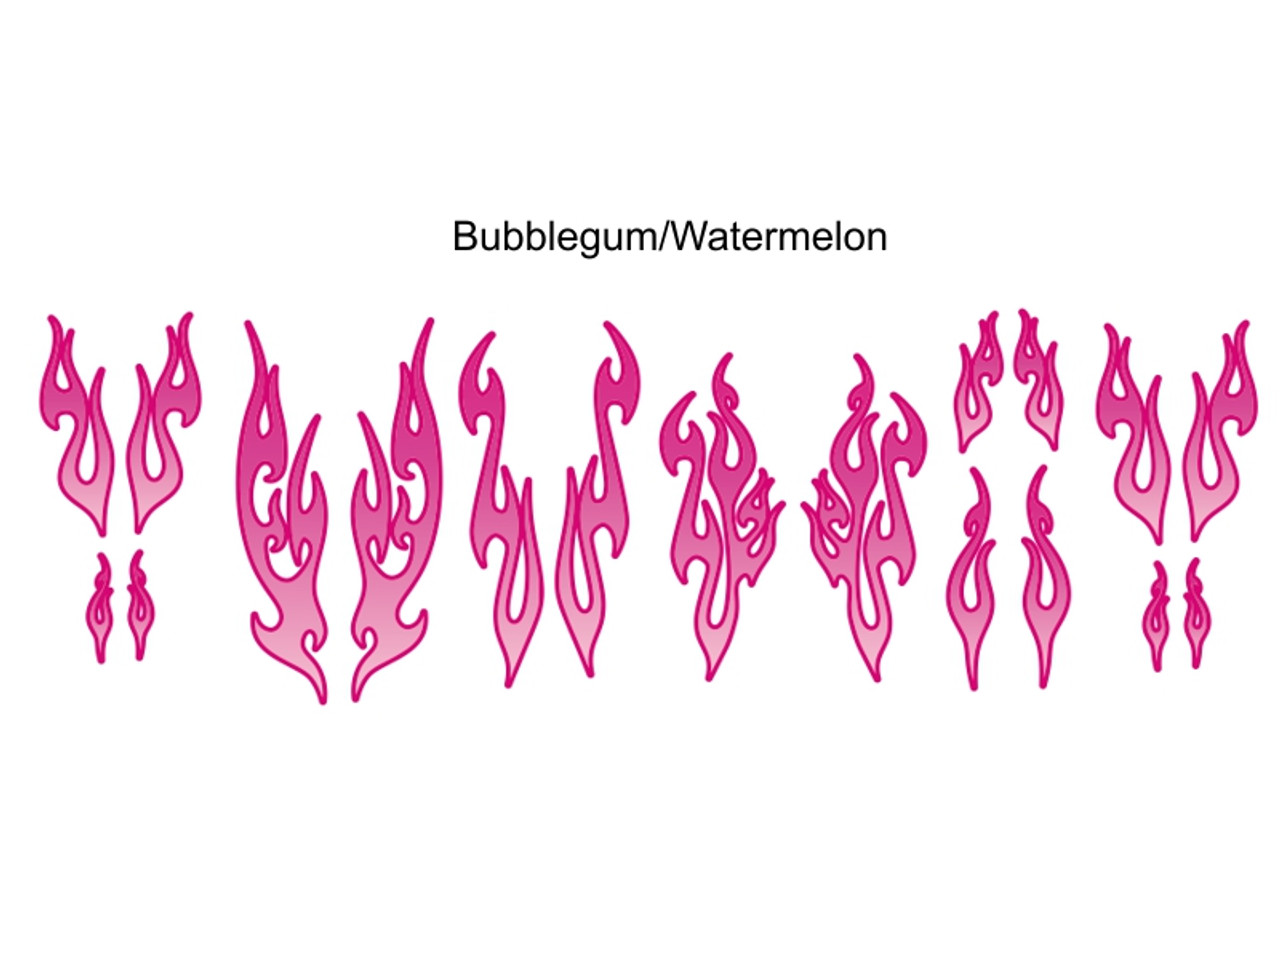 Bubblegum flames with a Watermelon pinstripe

******

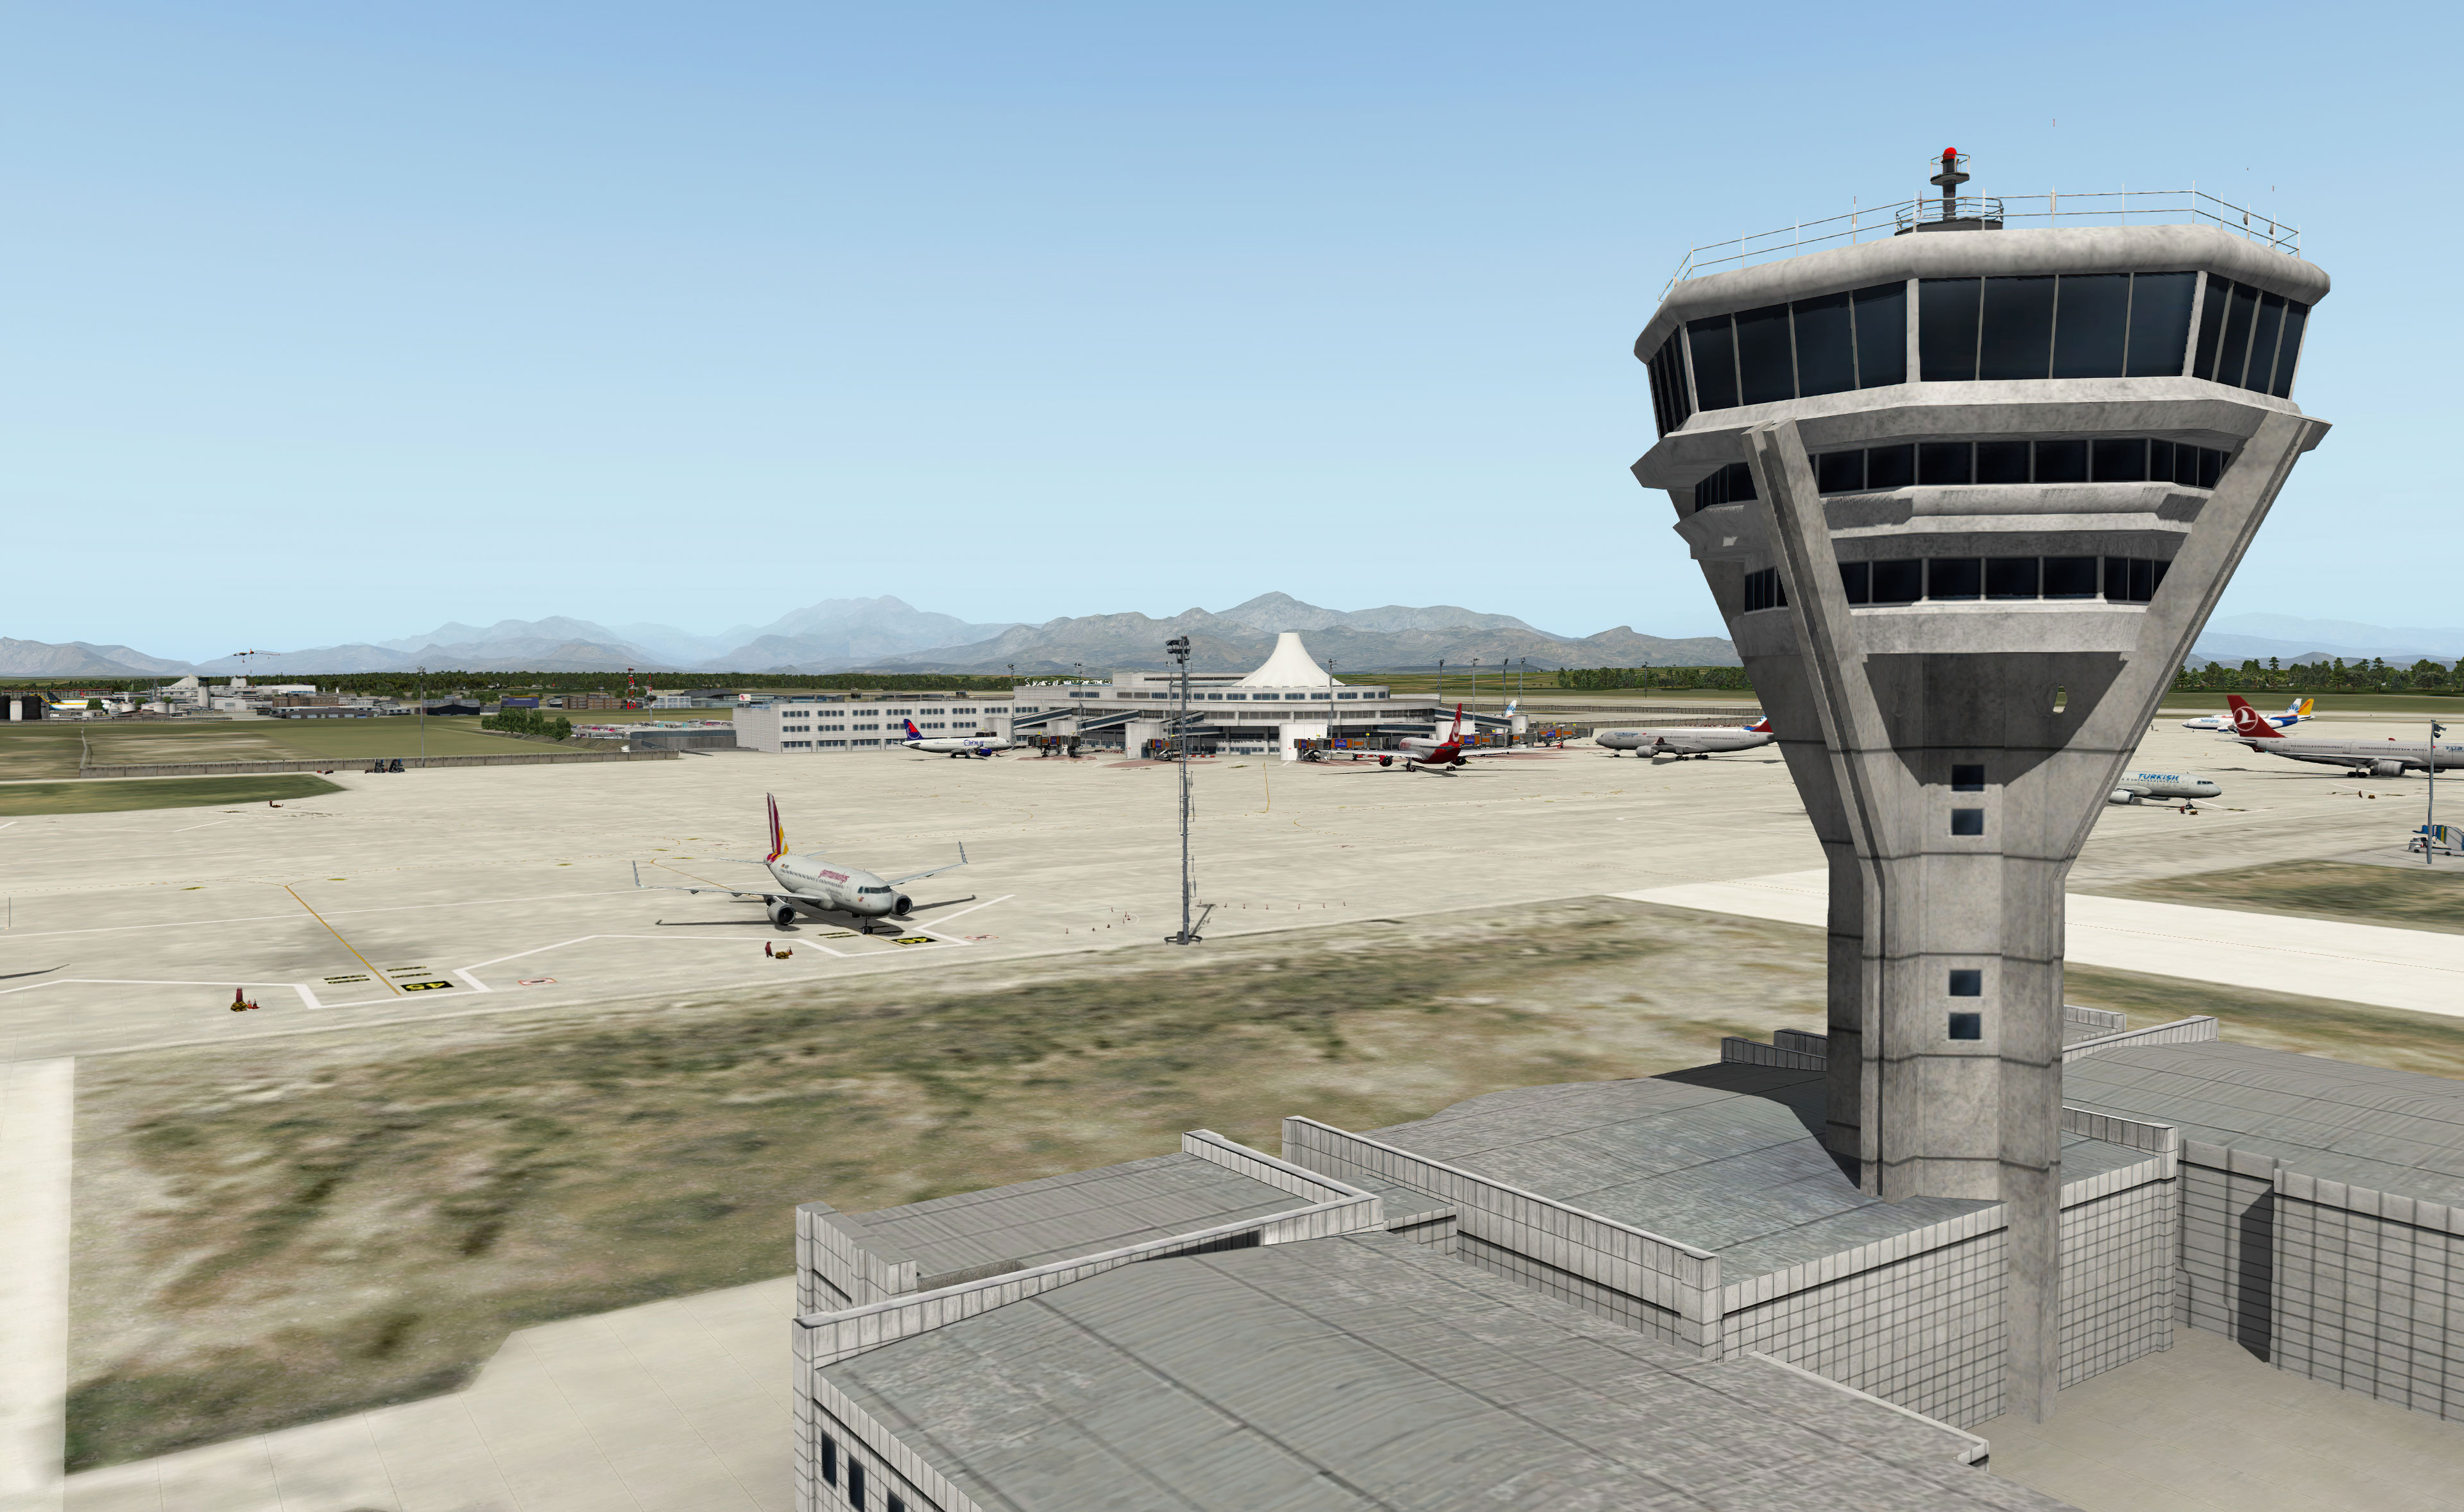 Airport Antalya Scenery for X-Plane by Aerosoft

******

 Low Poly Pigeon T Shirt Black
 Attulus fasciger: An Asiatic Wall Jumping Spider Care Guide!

******

▶ **REQUIRED ACTION**
When you reach the line containing "Low Poly Pigeon T Shirt Black" in the data above, start copying exactly, and stop after the line containing "Attulus fasciger: An".

▶ **ANSWER AREA**
 Low Poly Pigeon T Shirt Black
 Attulus fasciger: An Asiatic Wall Jumping Spider Care Guide!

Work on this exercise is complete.